YOUR TASK: Transcribe, without alteration, only the lines from the one containing "dozers to cranes" through the last line of the material, both ends included.

RECORDS FOR THE TASK:
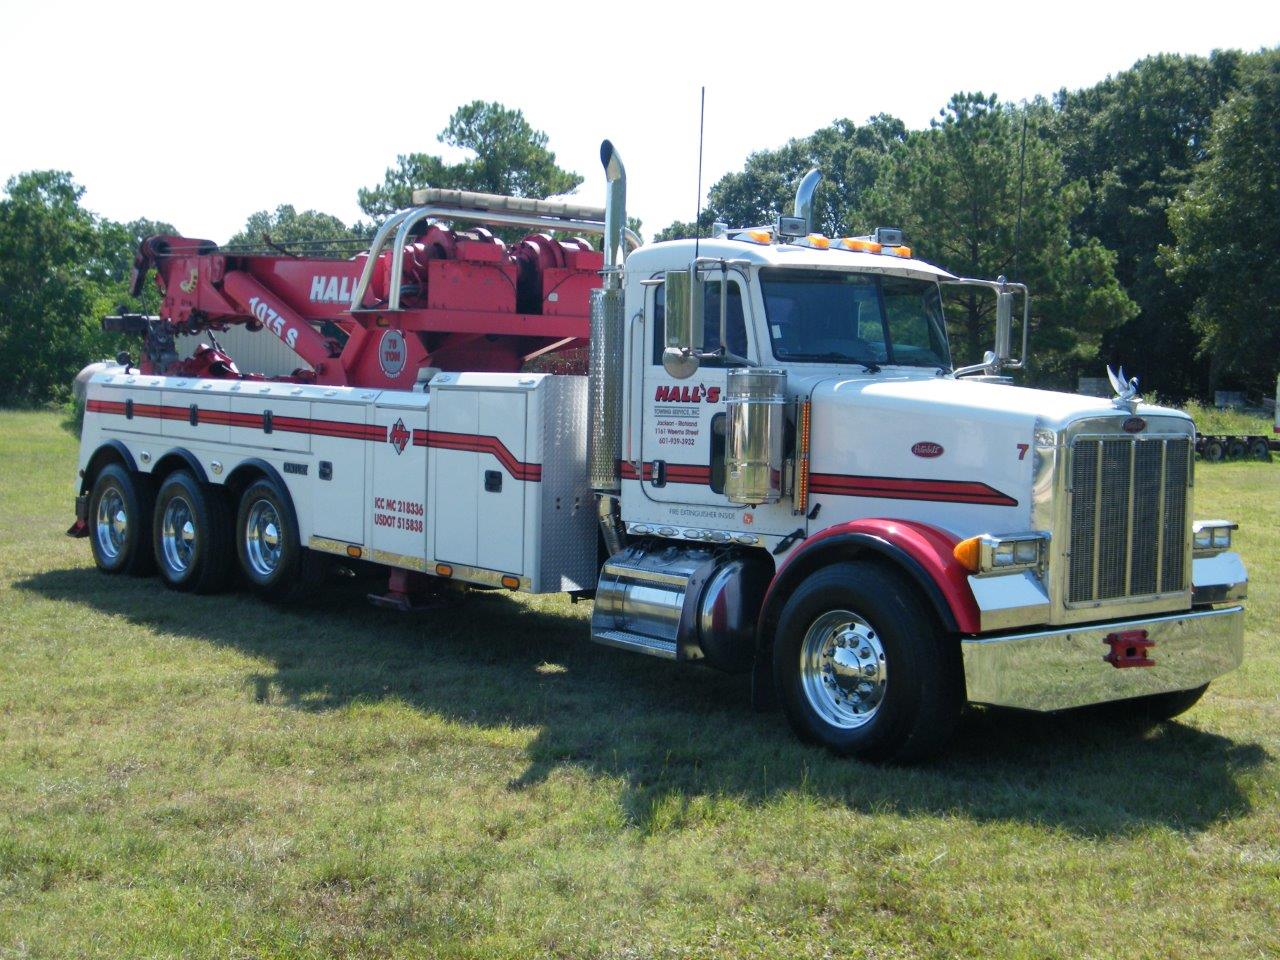 Hall’s Towing Service is a full service 24/7 towing company in Jackson, MS committed to providing the most comprehensive services for all your towing and recovery needs. Its starts with an experienced and friendly staff of customer representative.

Because many of our service calls occur during the most stressful situation, our team can quickly dispatch a vehicle to arrive at the scene. They can also take the time to address any of your questions or concerns about our towing and recovery services.

The team at Hall’s Towing Service understands that time is of the essence. Each job is handled with high priority to ensure our customers can get back on the road or can be directed to the nearest vehicle repair facility.

We Tow Any Vehicle - Anywhere

Nobody likes to hear the word “no”. Here at Hall’s Towing Service, our team goes the extra mile to meet all of your towing needs. Whether it’s heavy-duty towing in Jackson or long distance towing, there are no limits on our towing and recovery services.

We take pride in our attention to detail. This means moving vehicles as quickly and safely as possible. We have a complete fleet of trucks capable of moving vehicles regardless of size. When it comes time for an emergency job, you only want a towing service with a proven track record of looking out for the best interest of each customer. Turn to our team for the best 24/7 towing and recovery in Mississippi, call Hall’s Towing Service today.

24/7 Emergency Dispatch: (601) 939-3932

To provide the best quality of towing and recovery service in Jackson, it takes a team of dedicated professionals from the management team to customer service along with our skilled drivers and technicians. Our staff is qualified to do any job you might need! Contact us to find out what Hall's can offer you.

What really separates Hall’s Towing Service from the competition is our wide variety of towing services.

Our team can provide the following services:

•	24/7 towing and recovery
•	Long distance towing
•	Light, medium and heavy-duty towing
•	Recovery services
•	Ability to haul heavy equipment from dozers to cranes

 For Towing with no Limits, Call or Click hallstowing.com Today! (601) 939-3932

EXERCISE ANSWER:
•	Ability to haul heavy equipment from dozers to cranes

 For Towing with no Limits, Call or Click hallstowing.com Today! (601) 939-3932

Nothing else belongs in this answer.